__Supplied data__
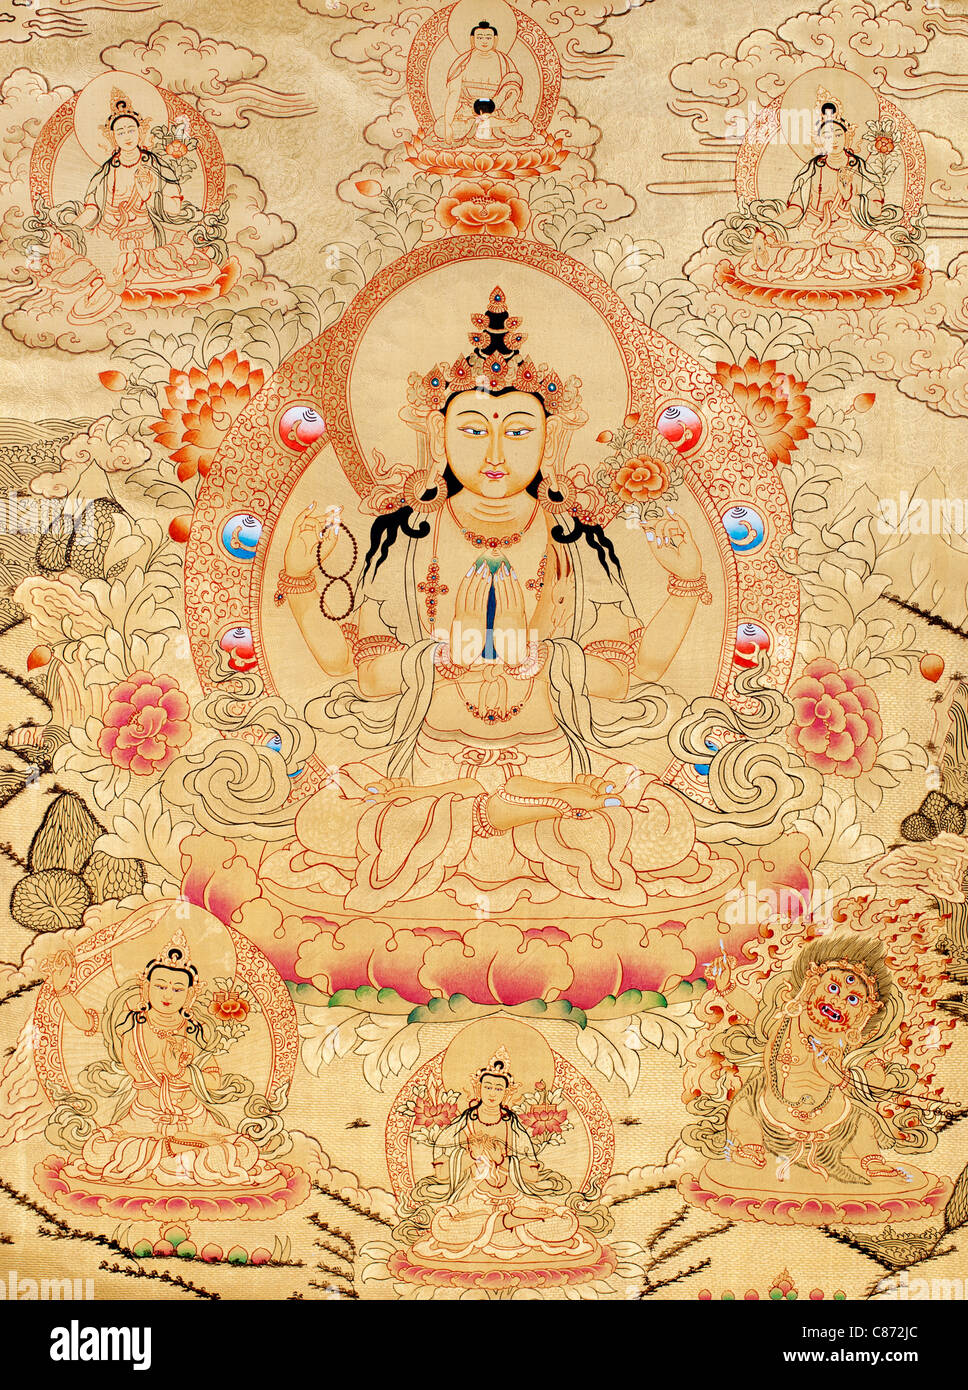 Golden Buddista Tibetana Thangka / Tanka pittura Foto stock - Alamy
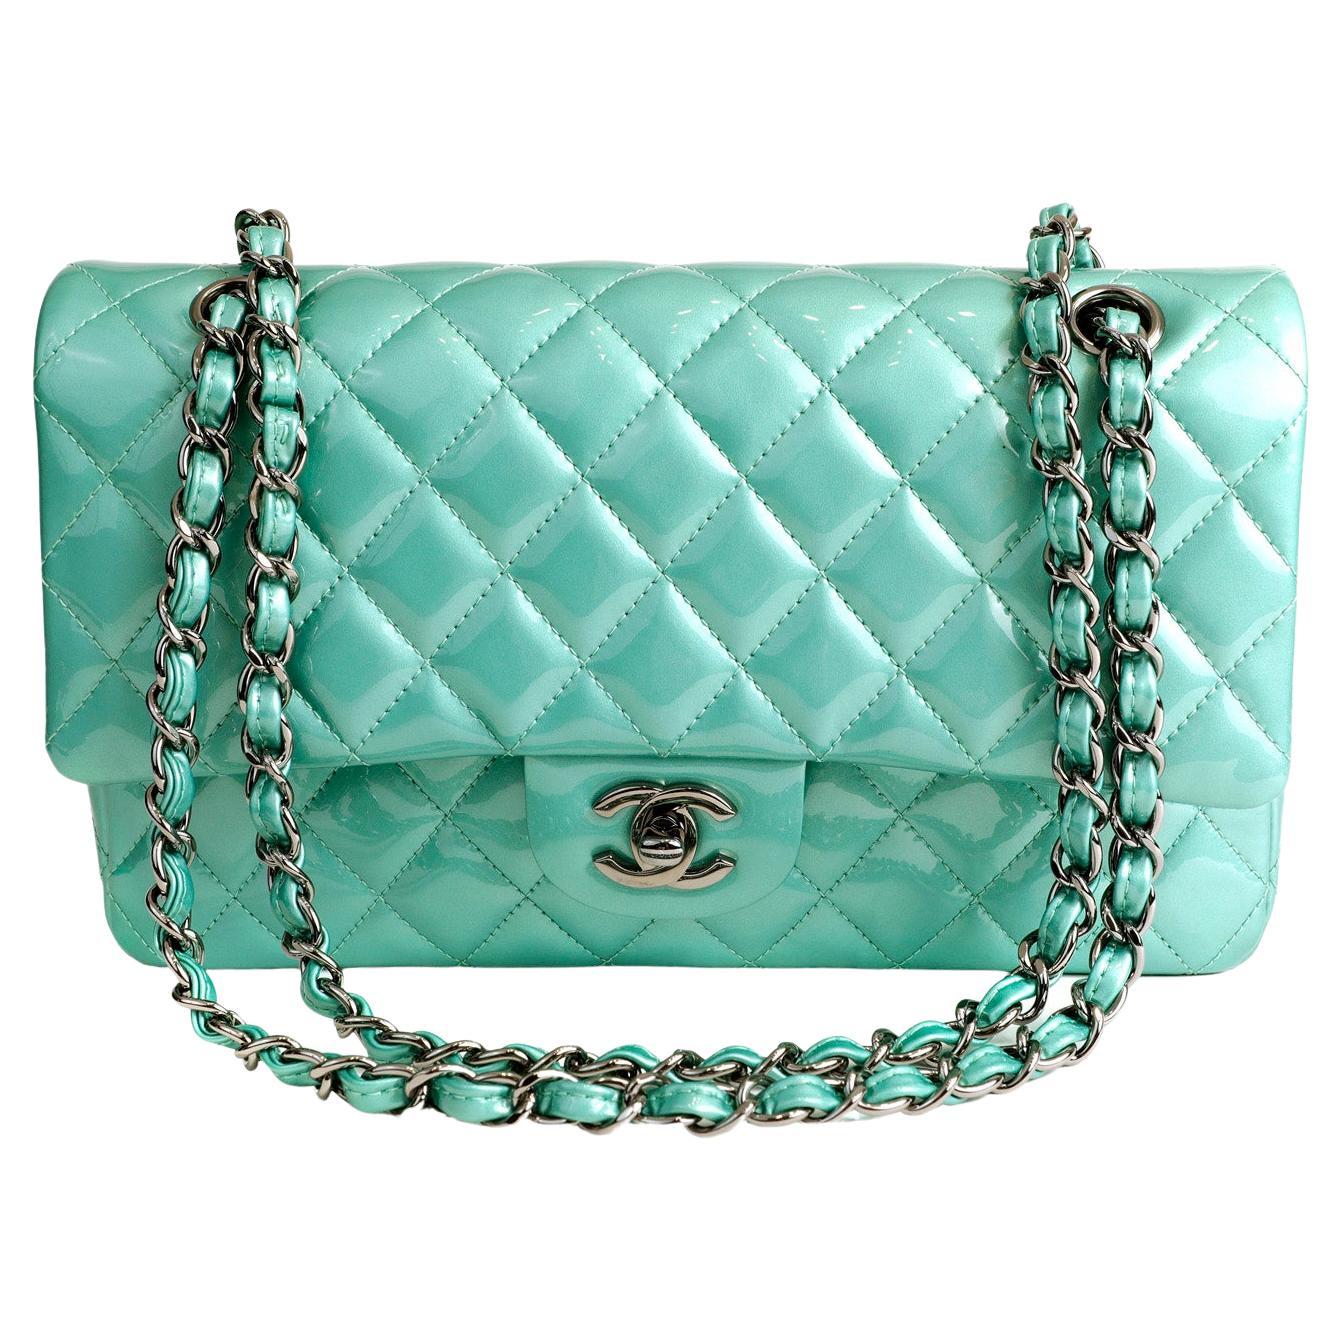 Chanel Metallic Green Patent Leather Medium Classic Flap Bag
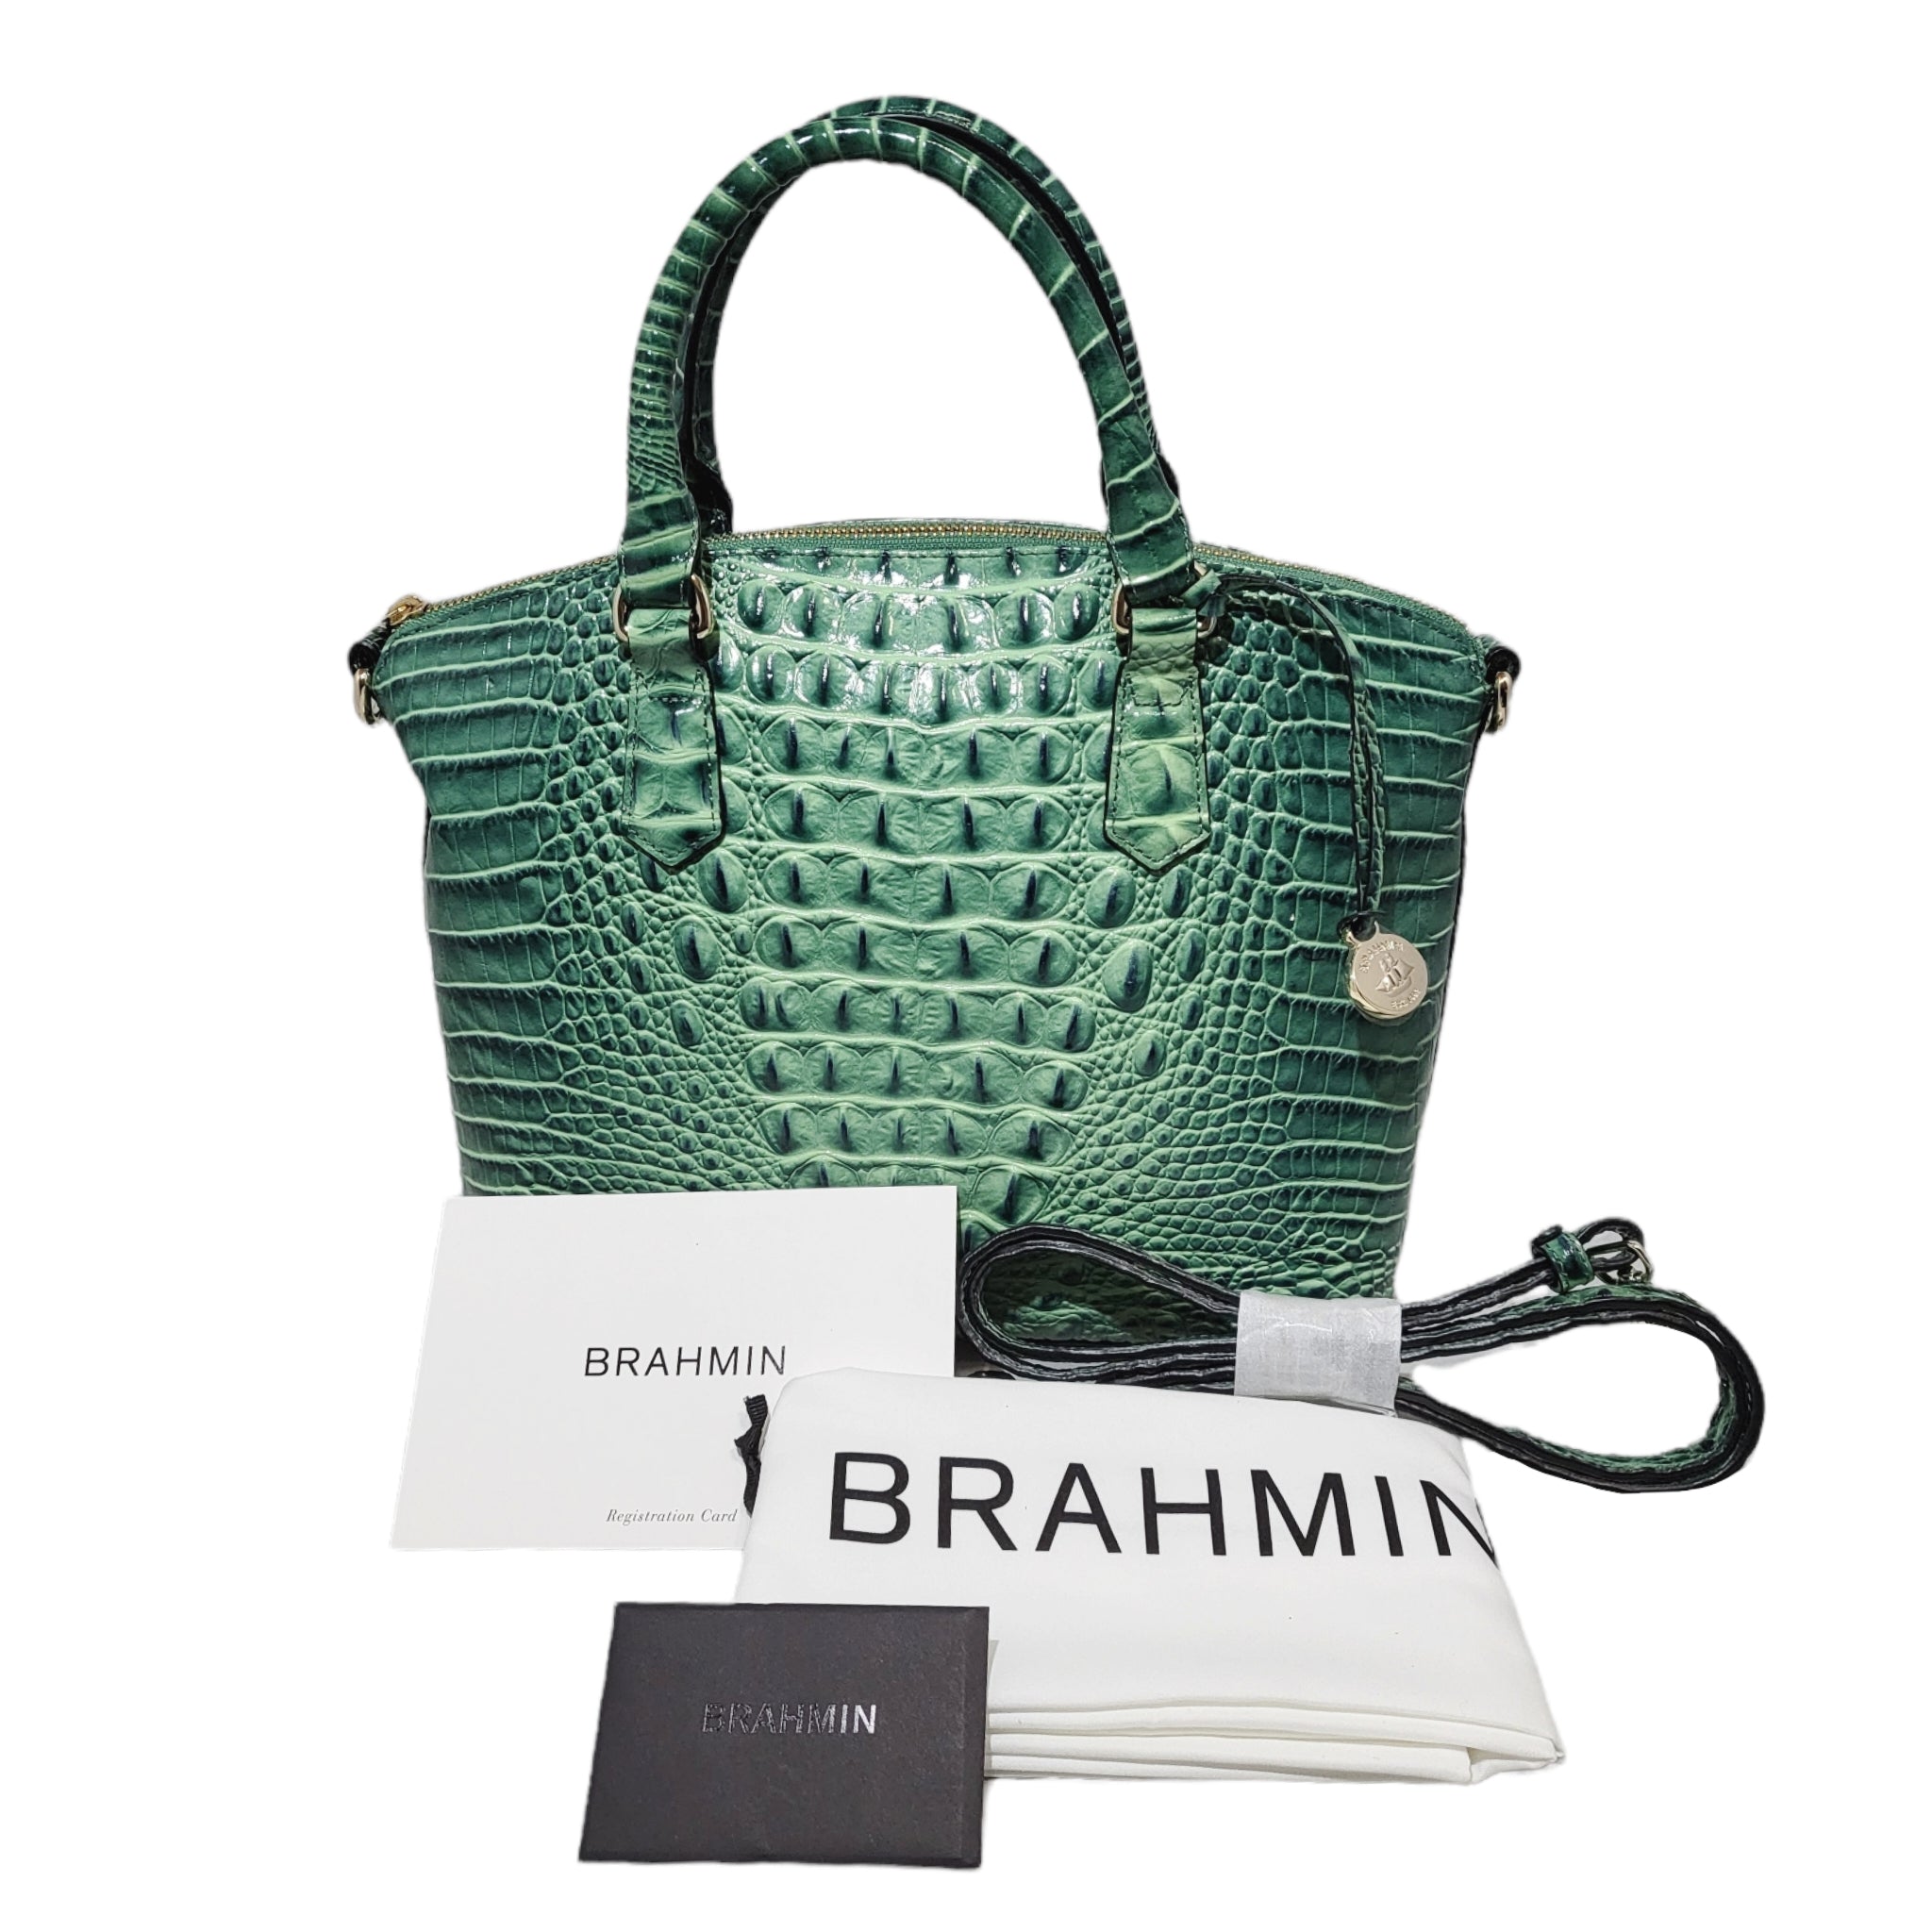 brahmin bag campaign - Google Search

__What this task involves__
All of the material above should be copied exactly, minus the pictures.

__Exercise output__
 Golden Buddista Tibetana Thangka / Tanka pittura Foto stock - Alamy
 Chanel Metallic Green Patent Leather Medium Classic Flap Bag
 brahmin bag campaign - Google Search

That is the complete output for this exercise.